Да, в недобрый час прибыли мы к Калашникову! Уже на лестнице мы услышали какие-то крики, потом визг, и мимо нас пронеслась полураздетая калашни-ковская марсианка, а вслед за ней пролетел веник. Изумленные и напуганные, поднялись мы еще на один этаж. Дверь квартиры Калашникова была отворена. Оттуда с десятисекундными интервалами вылетали разрозненные части женского и мужского туалета: грязный лифчик, красные заляпанные плавки, прожженные во многих местах брюки, стоптанный ботинок, потом пошли какие-то засаленные рукописи. «Марсианка бродит по Арбату» – роман Калашникова, не принимаемый никаким издательством» – догадался я. Заглянув в дверь, я увидел некую фурию с перекошенным от злобы лицом, дубастившую нашего руководителя «Глагола» (так называлось литобъединение, которым руководил Калашников), вторым его ботинком, не менее стоптанным, чем первый, вылетевший на лестницу, отчего еле державшаяся подошва этого второго ботинка оторвалась и, описав дугу, унеслась в открытое окно.

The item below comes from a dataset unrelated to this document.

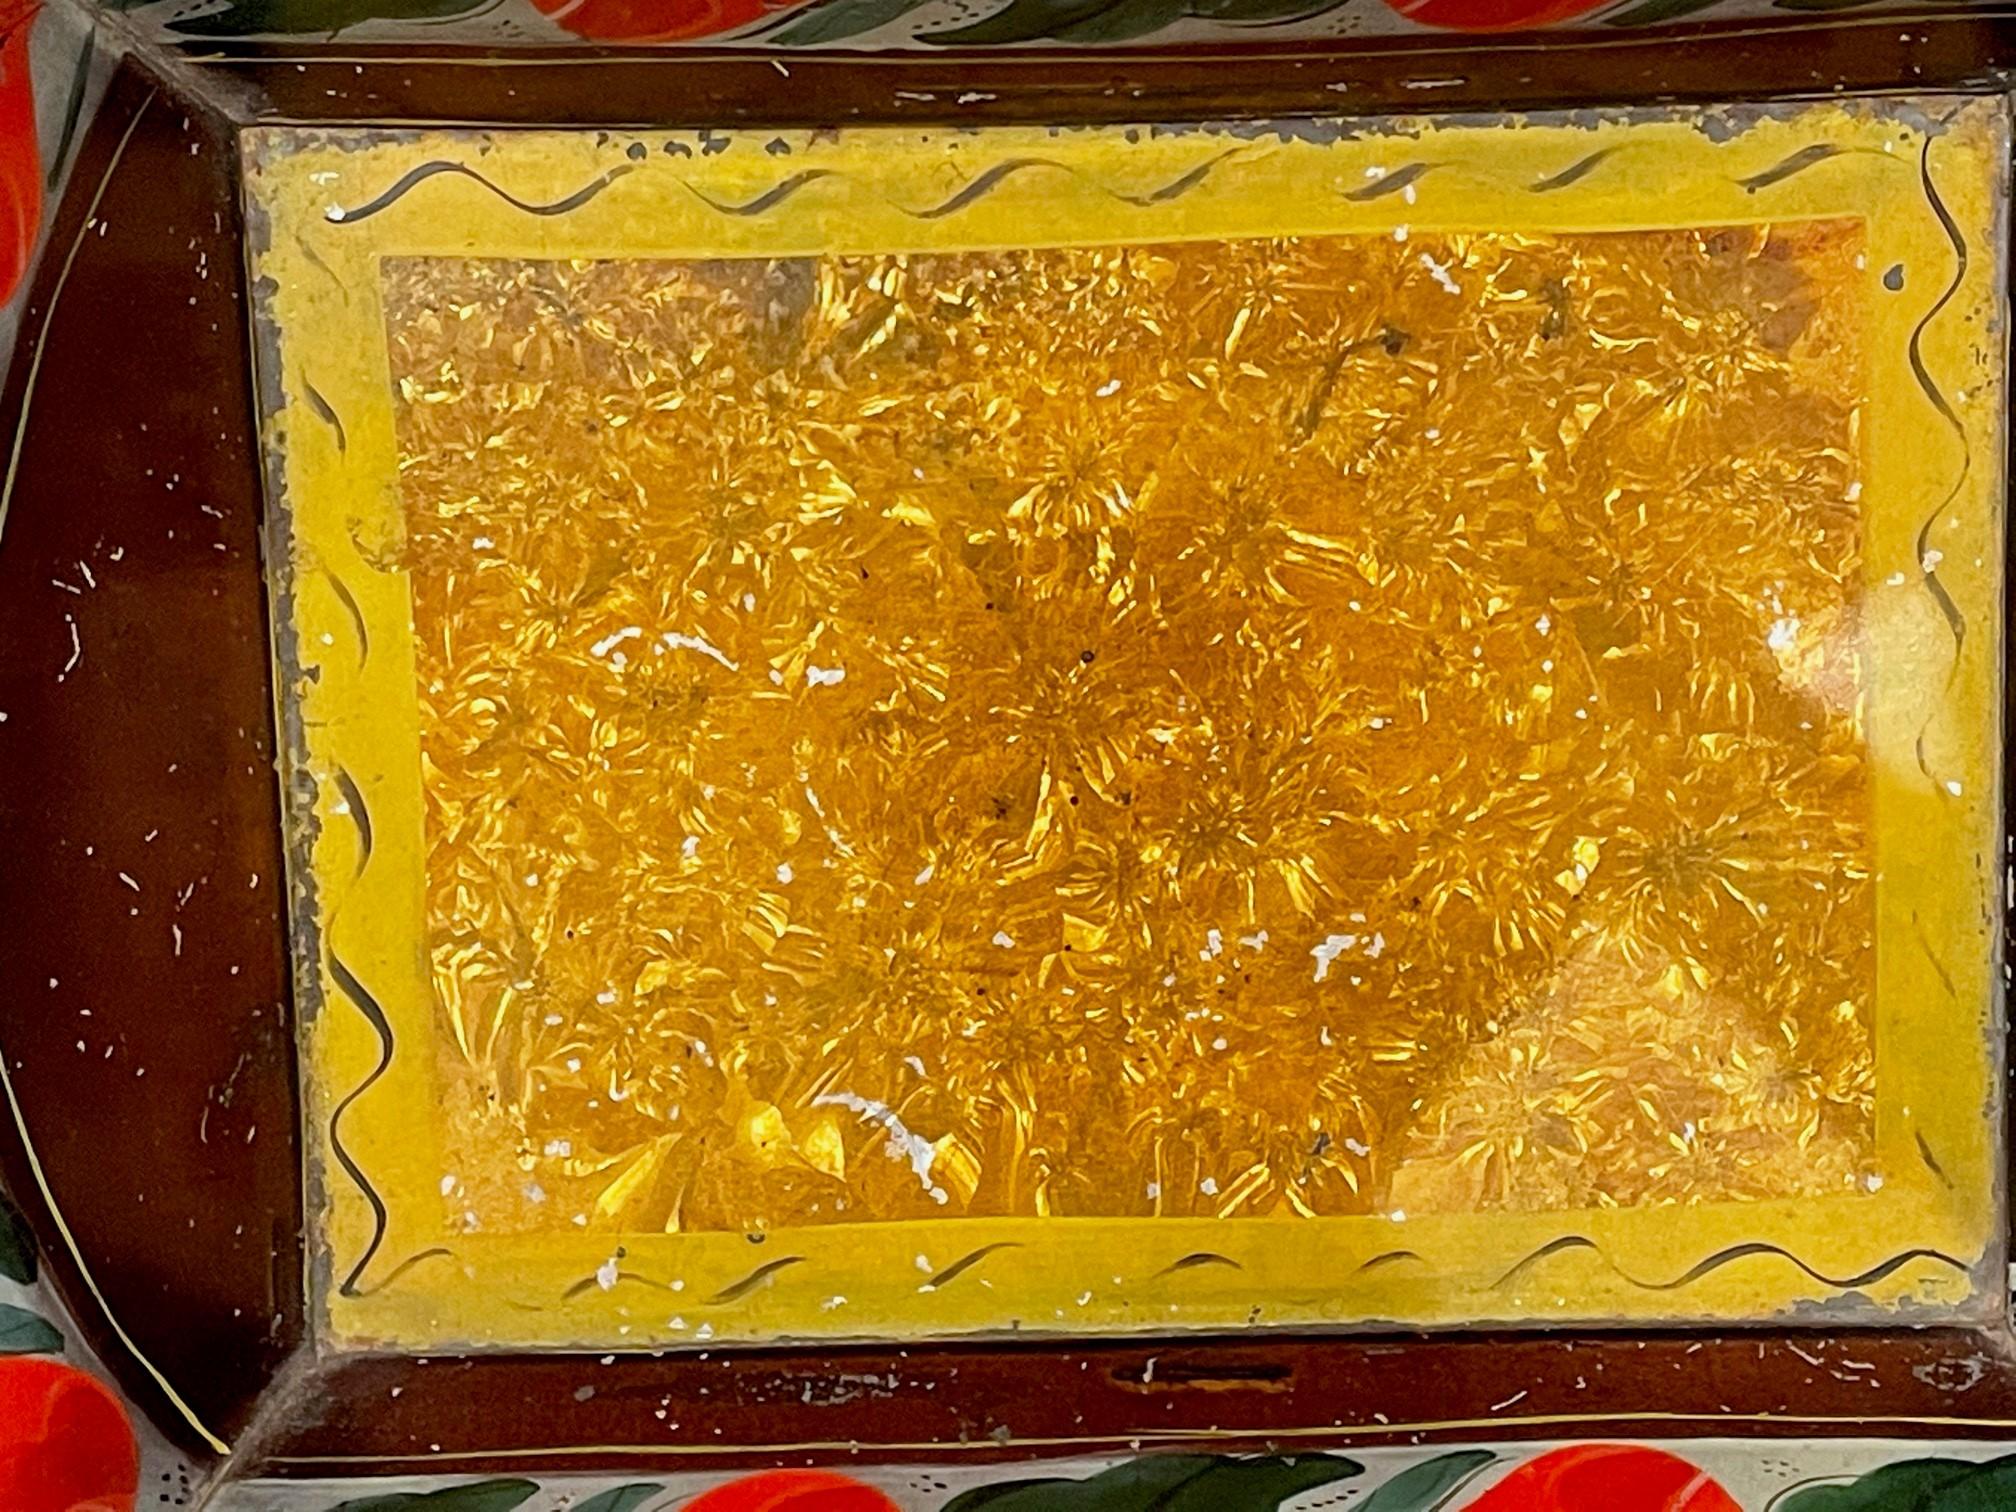 painted toleware bread pan rel=

Калашников в рваных трусах мужественно подставлял фурии свои широкие плечи. Выше фурия достать не могла. «Сергей Федорович! – сказала нерастерявшаяся Чекушка. – Мы из милиции. Что у вас здесь происходит?» Слово «милиция» отрезвила фурию. Отбросив ботинок, она стала рассказывать, что сдала квартиру порядочному, как ей казалось, доценту МГУ, а он привел ничейную жену и денег за квартиру не платит. Чекушка достала блокнот и стала записывать. «Хорошо, – сказала она, – мы разберемся. Ну и вы, гражданочка, должны пойти с нами в отделение, потому что никому не позволено покушаться на личность ее же ботинком». Фурия тут же скисла и, что-то бормоча, исчезла. Постепенно все успокоились. Подобрав на лестнице брюки, Калашников спустился вниз и привел со двора рыдающую марсианку.

30 июня. День прошел незаметно, во всяких мелких заботах. А вечером мы пошли в гости к профессору Черепенникову… Время катилось к полуночи… Ах, зачем я пришел сюда? Один еврей как-то сказал мне, что он хочет уехать в Израиль, ибо в России он чувствует свою якобы непризнанность. А куда уехать мне? Где то место, где бы я чувствовал себя человеком? Поэтому и нужна мне Чекушка. Она всегда весела и внешне беззаботна, несмотря на свои многочисленные дела, большая часть которых от меня скрыта. Скрытность – ее отличительная черта, умело спрятанная за поверхностной компанейностью…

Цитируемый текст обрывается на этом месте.